В прежней социалистической системе, которая существовала в нашей стране, характеристики с места работы или учебы играли очень важную роль. Порой они даже определяли дальнейшую судьбу. Это потом они были отменены. А тогда они представляли собой прекрасный инструмент, с помощью которого можно было испортить человеку всю жизнь, в чем-то ему помешать, не дать ходу, а то и попросту откровенно с ним расправиться.
Поэтому «характеристиковый» аргумент действовал безотказно. Оксану Васильевну боялись и предпочитали с ней не связываться.
К слову, она, как и Сорокина, умирала очень тяжело, в страшных муках. И никто из ее бывших учеников, коллег по работе, соседей по дому так и не пришел ей на помощь.…
Как же все-таки произошло, что я оказался в полной изоляции? Анализируя те события с высоты прожитых лет, должен с горечью констатировать, что инициатором этой изоляции был именно я. Она оказалась той западней, в которую я сам же себя и загнал.
Все началось с того, что, почувствовав холодок со стороны одноклассников, я откровенно взъерепенился. Во мне взыграло самолюбие. Мол, не хотите со мной нормально разговаривать – не надо. Обойдусь и без вас. Приходя в школу, я демонстративно ни на кого не смотрел, ни с кем не здоровался, не разговаривал, держался от всех в сторонке и общался только со Славиком. Славик был единственным человеком, кто никоим образом не изменил ко мне своего отношения. Он по-прежнему воспринимал меня своим другом и ни разу, ни одним словом, ни одним вопросом не напомнил мне о том злополучном происшествии, в результате которого я был зачислен в неблагополучные подростки. Случалось, я сам пытался о нем заговорить. Но Славик при этом неизменно меня перебивал и переводил разговор на другую тему.

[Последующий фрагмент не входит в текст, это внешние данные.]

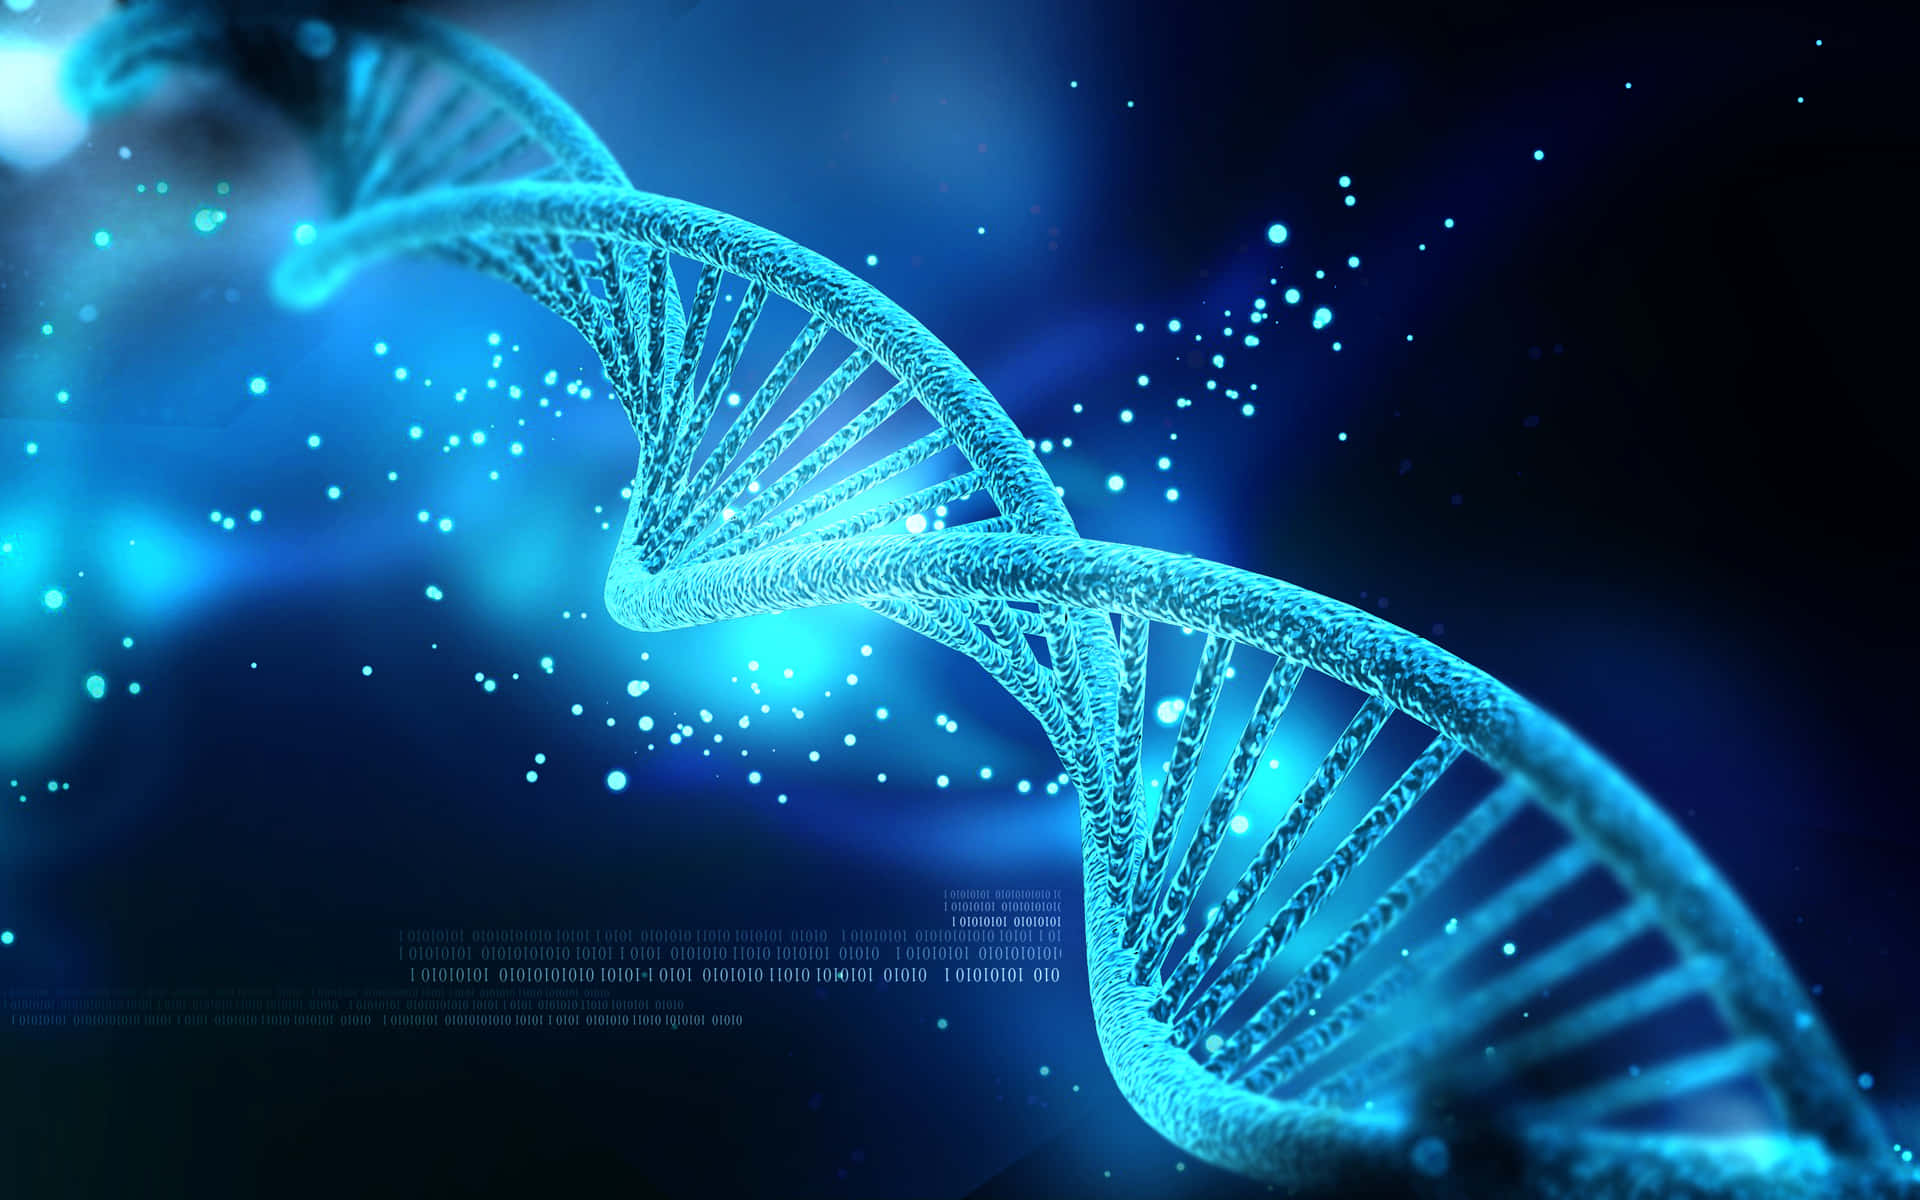 Unlock the secrets of the genetic code

Я бойкотировал одноклассников достаточно долго. Но это только усугубило ситуацию. Через некоторое время меня перестали замечать. Меня перестали воспринимать своим, и я все сильнее и сильнее чувствовал себя неким чужеродным организмом. На меня смотрели как на пустое место, как будто меня вообще не существовало. Психологически выдержать это было невероятно тяжело.
Я держался, сколько мог. Но наступил момент, когда я дрогнул. Я стал пытаться вернуться в коллектив. Но обратно меня уже не принимали. Когда я к кому-то подходил, пытался о чем-то заговорить, на меня смотрели с холодком, нехотя что-то отвечали, явно давая понять, что мое общество нежелательно.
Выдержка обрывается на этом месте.